= REQUIREMENT =
Could you write out the records below exactly as they appear?

= RECORDS =
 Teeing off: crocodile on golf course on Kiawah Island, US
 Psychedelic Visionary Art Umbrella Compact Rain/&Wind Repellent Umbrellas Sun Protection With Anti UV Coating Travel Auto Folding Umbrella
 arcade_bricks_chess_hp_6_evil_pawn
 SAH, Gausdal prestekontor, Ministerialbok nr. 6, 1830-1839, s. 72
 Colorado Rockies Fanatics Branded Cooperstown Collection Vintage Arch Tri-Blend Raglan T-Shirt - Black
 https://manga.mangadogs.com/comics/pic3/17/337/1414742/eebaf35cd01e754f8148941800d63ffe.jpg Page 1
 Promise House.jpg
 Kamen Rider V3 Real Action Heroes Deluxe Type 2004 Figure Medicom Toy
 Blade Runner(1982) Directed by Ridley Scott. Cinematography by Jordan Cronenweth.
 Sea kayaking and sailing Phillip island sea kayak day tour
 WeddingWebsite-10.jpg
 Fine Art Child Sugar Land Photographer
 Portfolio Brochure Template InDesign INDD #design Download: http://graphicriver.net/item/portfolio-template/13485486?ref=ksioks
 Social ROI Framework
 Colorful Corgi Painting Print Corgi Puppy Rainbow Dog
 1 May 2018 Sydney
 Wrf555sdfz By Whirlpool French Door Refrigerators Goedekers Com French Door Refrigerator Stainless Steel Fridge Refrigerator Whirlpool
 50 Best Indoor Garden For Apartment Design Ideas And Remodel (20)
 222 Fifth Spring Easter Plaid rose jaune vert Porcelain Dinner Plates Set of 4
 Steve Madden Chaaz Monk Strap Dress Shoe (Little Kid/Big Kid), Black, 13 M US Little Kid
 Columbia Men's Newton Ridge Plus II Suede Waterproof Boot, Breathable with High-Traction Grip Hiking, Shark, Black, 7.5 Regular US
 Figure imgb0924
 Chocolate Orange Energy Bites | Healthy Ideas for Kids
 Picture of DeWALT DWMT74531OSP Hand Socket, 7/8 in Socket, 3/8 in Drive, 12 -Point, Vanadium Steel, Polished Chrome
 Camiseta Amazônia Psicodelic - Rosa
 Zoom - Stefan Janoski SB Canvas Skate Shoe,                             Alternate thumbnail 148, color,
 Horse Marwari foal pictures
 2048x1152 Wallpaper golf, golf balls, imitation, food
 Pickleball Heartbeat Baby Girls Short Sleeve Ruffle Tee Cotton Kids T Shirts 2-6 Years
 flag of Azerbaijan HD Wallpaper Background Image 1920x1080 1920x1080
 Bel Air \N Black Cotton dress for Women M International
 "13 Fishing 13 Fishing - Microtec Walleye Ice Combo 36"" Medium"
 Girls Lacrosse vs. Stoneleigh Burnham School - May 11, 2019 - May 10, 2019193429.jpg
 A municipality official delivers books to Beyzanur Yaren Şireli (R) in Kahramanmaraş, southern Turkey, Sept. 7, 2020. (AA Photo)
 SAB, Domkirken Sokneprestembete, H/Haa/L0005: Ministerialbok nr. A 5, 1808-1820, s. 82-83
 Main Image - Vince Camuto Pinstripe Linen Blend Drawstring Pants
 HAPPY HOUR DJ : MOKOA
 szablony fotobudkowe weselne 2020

= REPLY =
 Teeing off: crocodile on golf course on Kiawah Island, US
 Psychedelic Visionary Art Umbrella Compact Rain/&Wind Repellent Umbrellas Sun Protection With Anti UV Coating Travel Auto Folding Umbrella
 arcade_bricks_chess_hp_6_evil_pawn
 SAH, Gausdal prestekontor, Ministerialbok nr. 6, 1830-1839, s. 72
 Colorado Rockies Fanatics Branded Cooperstown Collection Vintage Arch Tri-Blend Raglan T-Shirt - Black
 https://manga.mangadogs.com/comics/pic3/17/337/1414742/eebaf35cd01e754f8148941800d63ffe.jpg Page 1
 Promise House.jpg
 Kamen Rider V3 Real Action Heroes Deluxe Type 2004 Figure Medicom Toy
 Blade Runner(1982) Directed by Ridley Scott. Cinematography by Jordan Cronenweth.
 Sea kayaking and sailing Phillip island sea kayak day tour
 WeddingWebsite-10.jpg
 Fine Art Child Sugar Land Photographer
 Portfolio Brochure Template InDesign INDD #design Download: http://graphicriver.net/item/portfolio-template/13485486?ref=ksioks
 Social ROI Framework
 Colorful Corgi Painting Print Corgi Puppy Rainbow Dog
 1 May 2018 Sydney
 Wrf555sdfz By Whirlpool French Door Refrigerators Goedekers Com French Door Refrigerator Stainless Steel Fridge Refrigerator Whirlpool
 50 Best Indoor Garden For Apartment Design Ideas And Remodel (20)
 222 Fifth Spring Easter Plaid rose jaune vert Porcelain Dinner Plates Set of 4
 Steve Madden Chaaz Monk Strap Dress Shoe (Little Kid/Big Kid), Black, 13 M US Little Kid
 Columbia Men's Newton Ridge Plus II Suede Waterproof Boot, Breathable with High-Traction Grip Hiking, Shark, Black, 7.5 Regular US
 Figure imgb0924
 Chocolate Orange Energy Bites | Healthy Ideas for Kids
 Picture of DeWALT DWMT74531OSP Hand Socket, 7/8 in Socket, 3/8 in Drive, 12 -Point, Vanadium Steel, Polished Chrome
 Camiseta Amazônia Psicodelic - Rosa
 Zoom - Stefan Janoski SB Canvas Skate Shoe,                             Alternate thumbnail 148, color,
 Horse Marwari foal pictures
 2048x1152 Wallpaper golf, golf balls, imitation, food
 Pickleball Heartbeat Baby Girls Short Sleeve Ruffle Tee Cotton Kids T Shirts 2-6 Years
 flag of Azerbaijan HD Wallpaper Background Image 1920x1080 1920x1080
 Bel Air \N Black Cotton dress for Women M International
 "13 Fishing 13 Fishing - Microtec Walleye Ice Combo 36"" Medium"
 Girls Lacrosse vs. Stoneleigh Burnham School - May 11, 2019 - May 10, 2019193429.jpg
 A municipality official delivers books to Beyzanur Yaren Şireli (R) in Kahramanmaraş, southern Turkey, Sept. 7, 2020. (AA Photo)
 SAB, Domkirken Sokneprestembete, H/Haa/L0005: Ministerialbok nr. A 5, 1808-1820, s. 82-83
 Main Image - Vince Camuto Pinstripe Linen Blend Drawstring Pants
 HAPPY HOUR DJ : MOKOA
 szablony fotobudkowe weselne 2020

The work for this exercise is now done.